— GOAL OF THE EXERCISE —
Using the entries below, copy exactly each line from the line with "La scienza e il mondo invisibile" up to and including the line with "满趣健婴童用品中国进口总代理", with every picture left out.

— AVAILABLE RECORDS —
——

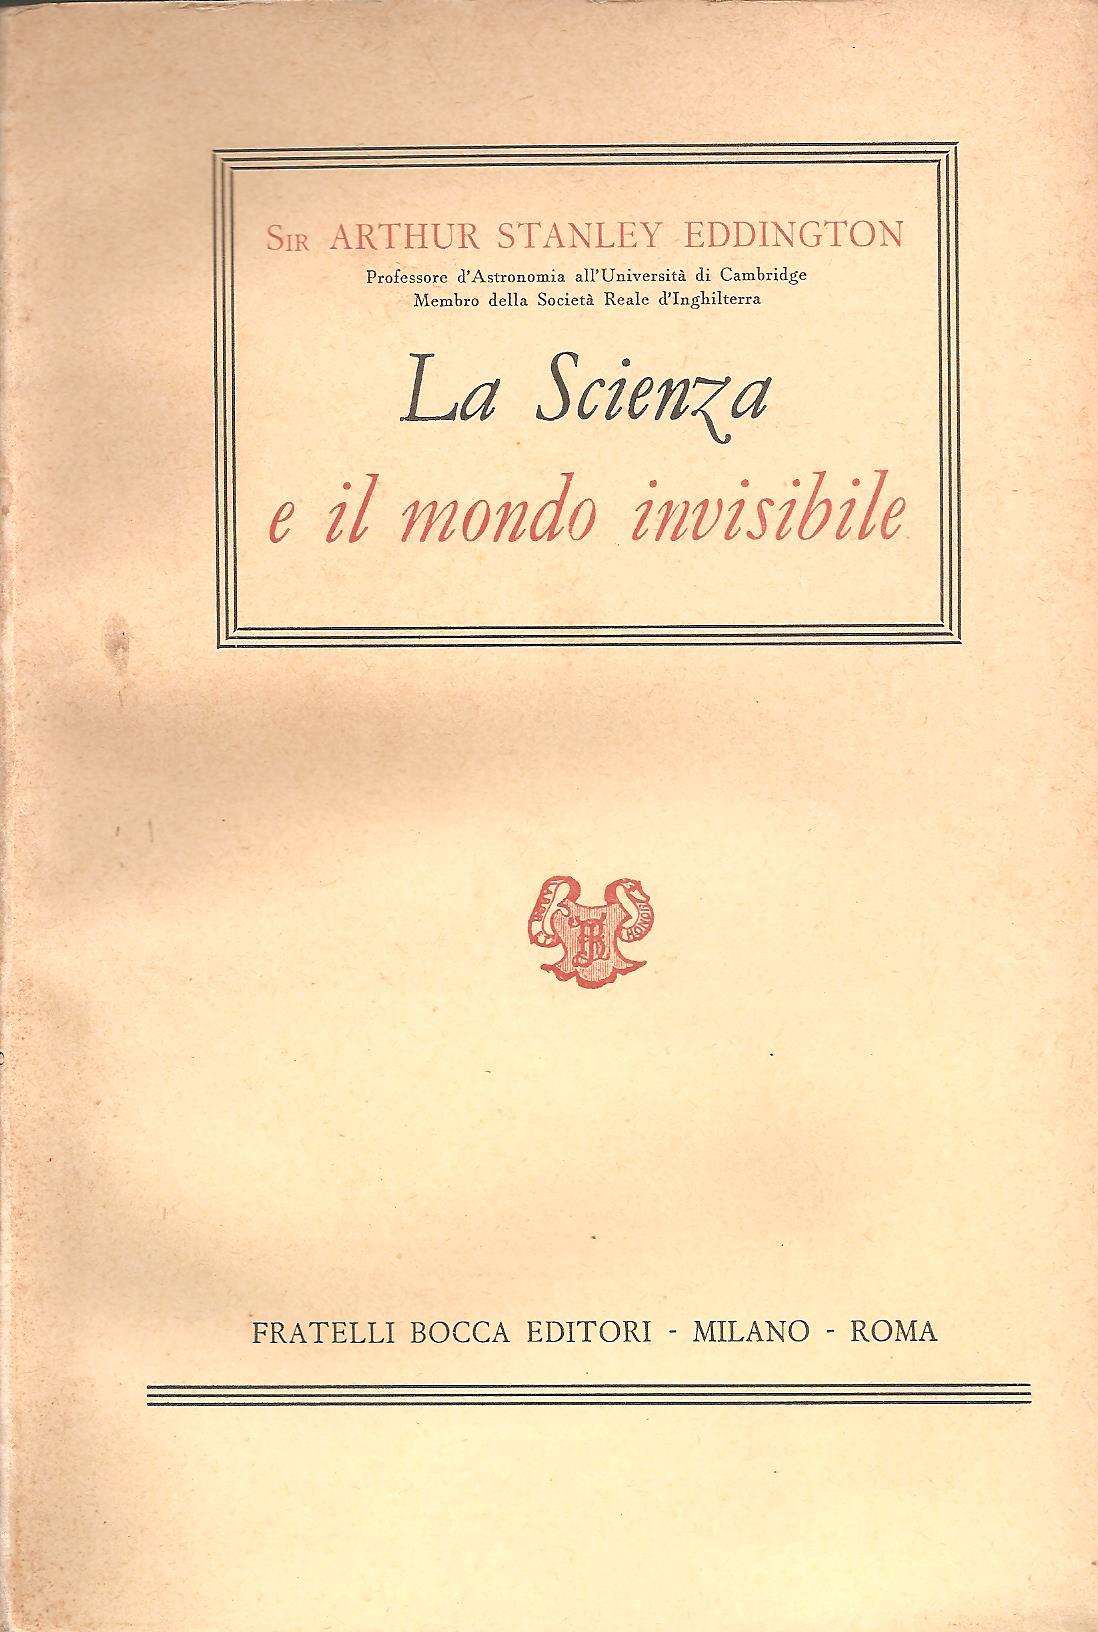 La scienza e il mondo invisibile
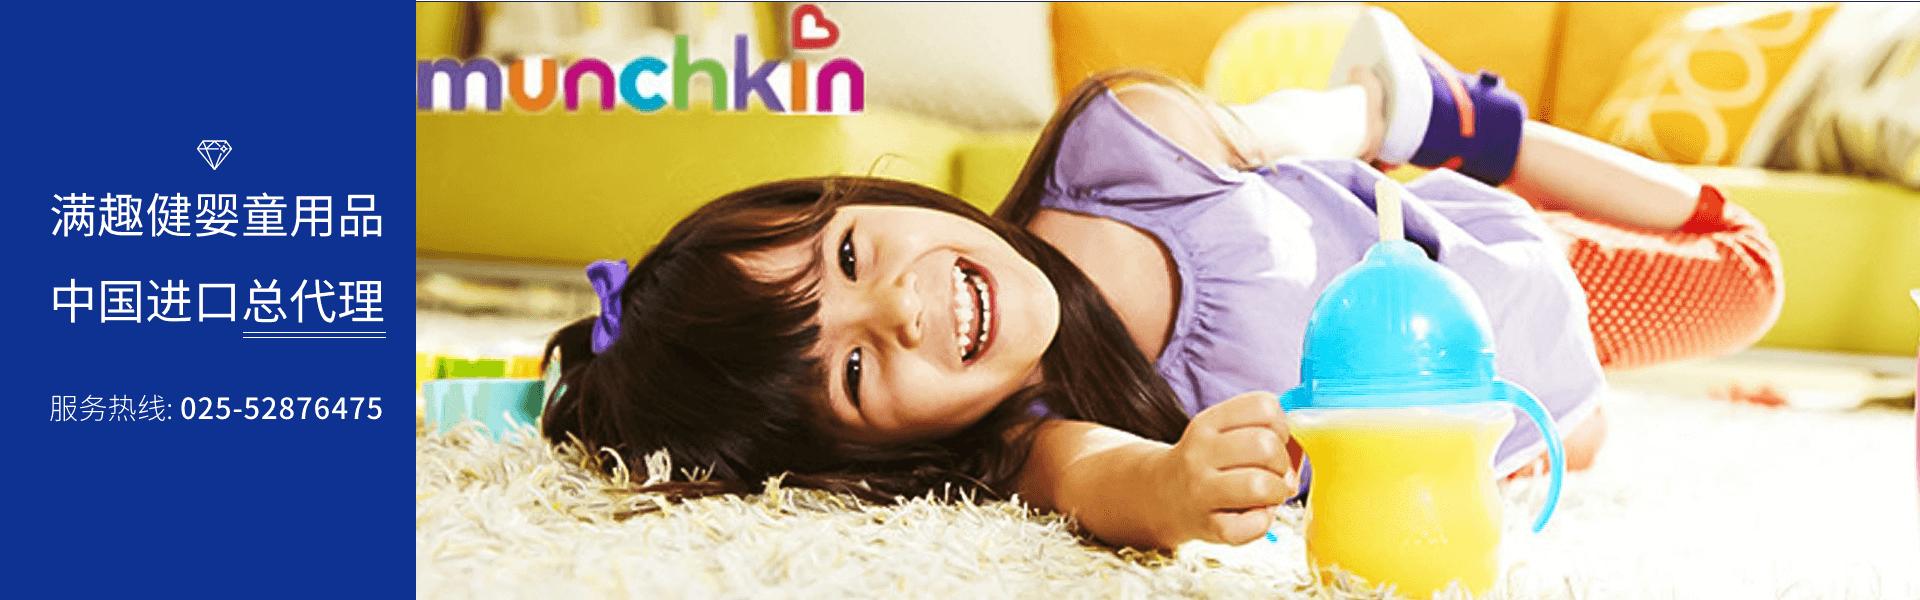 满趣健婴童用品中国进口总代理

——

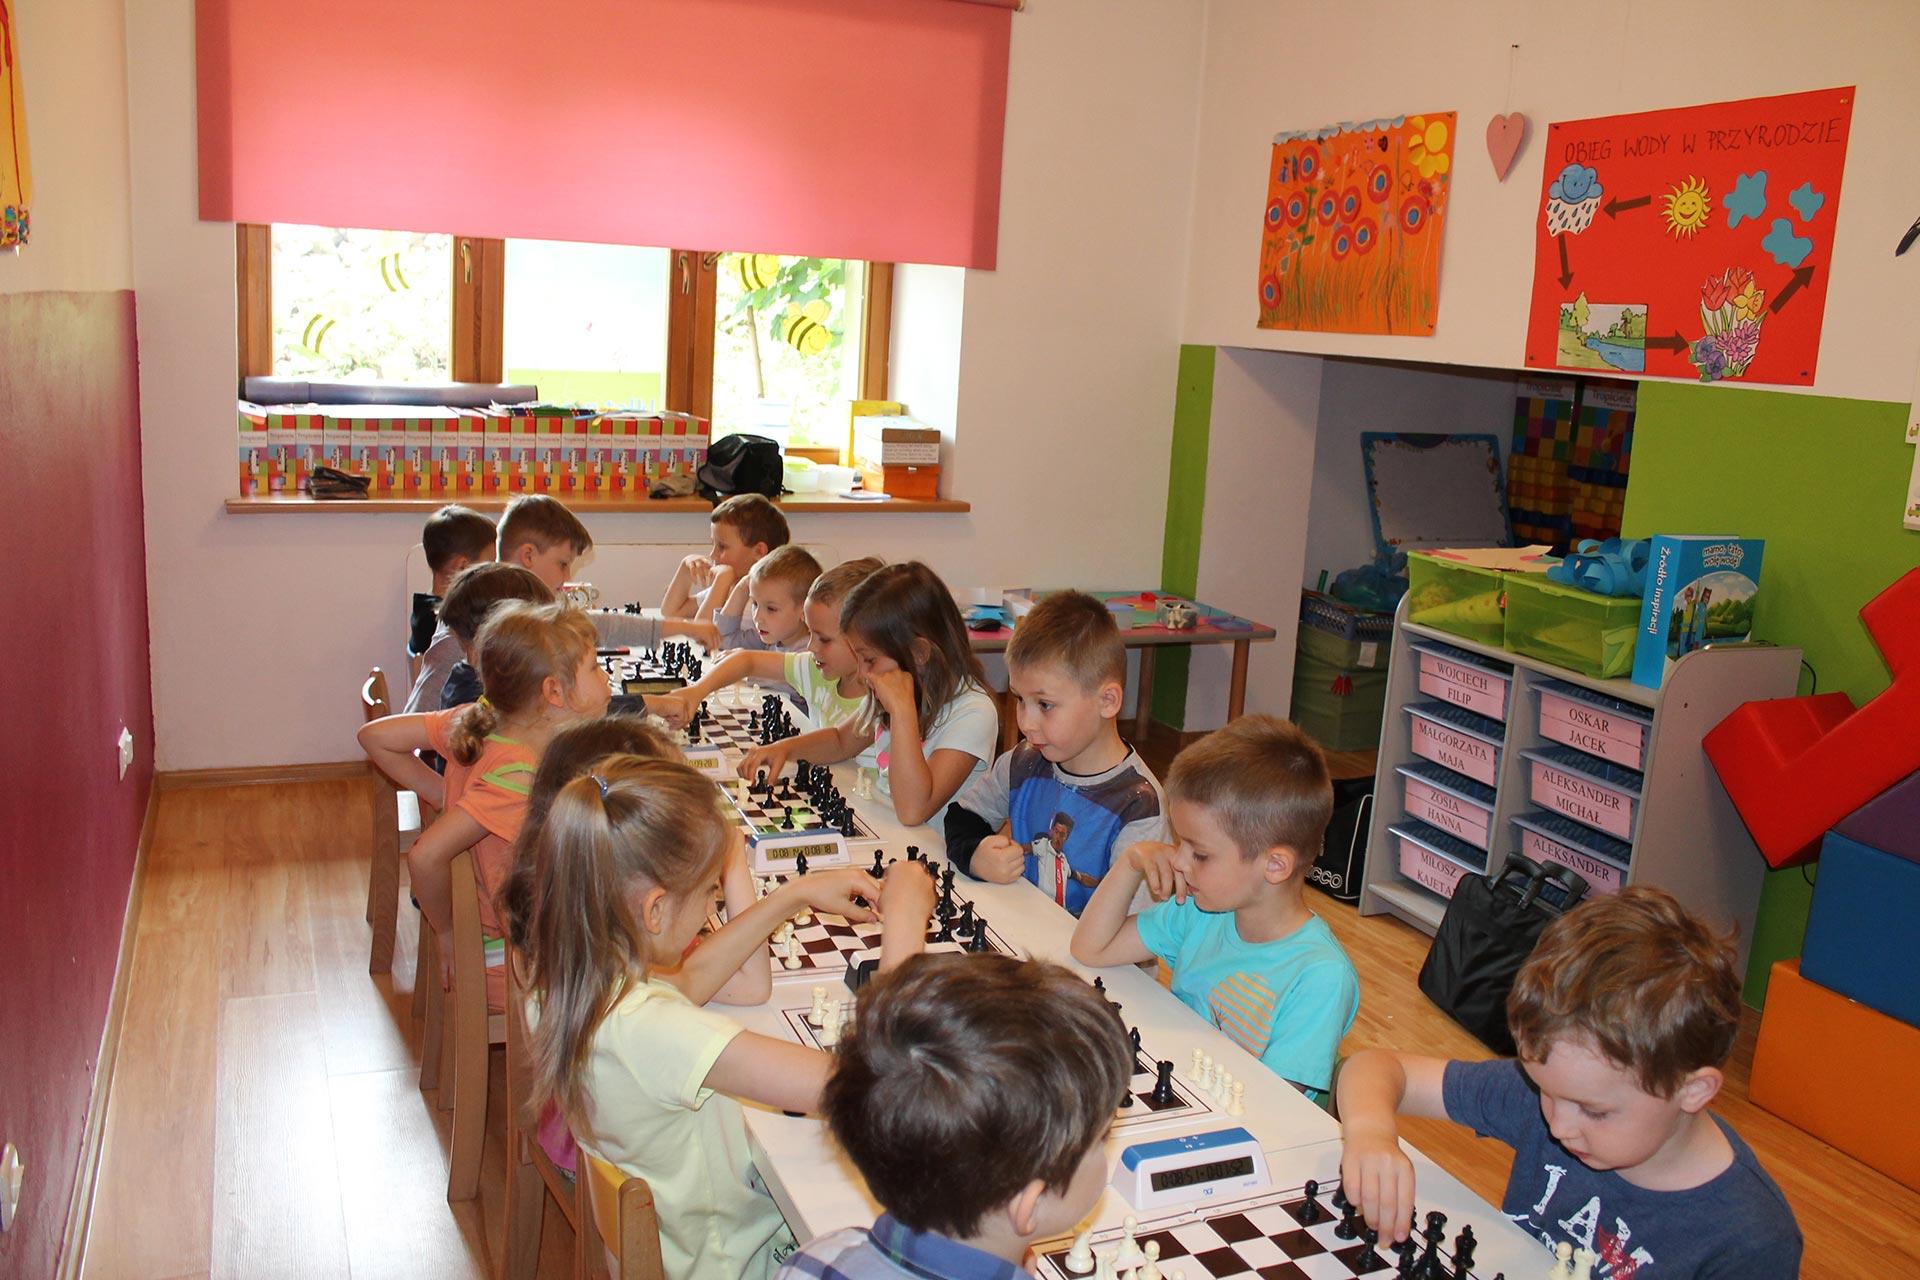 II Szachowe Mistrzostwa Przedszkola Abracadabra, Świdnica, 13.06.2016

——

— TASK RESULT —
 La scienza e il mondo invisibile
 满趣健婴童用品中国进口总代理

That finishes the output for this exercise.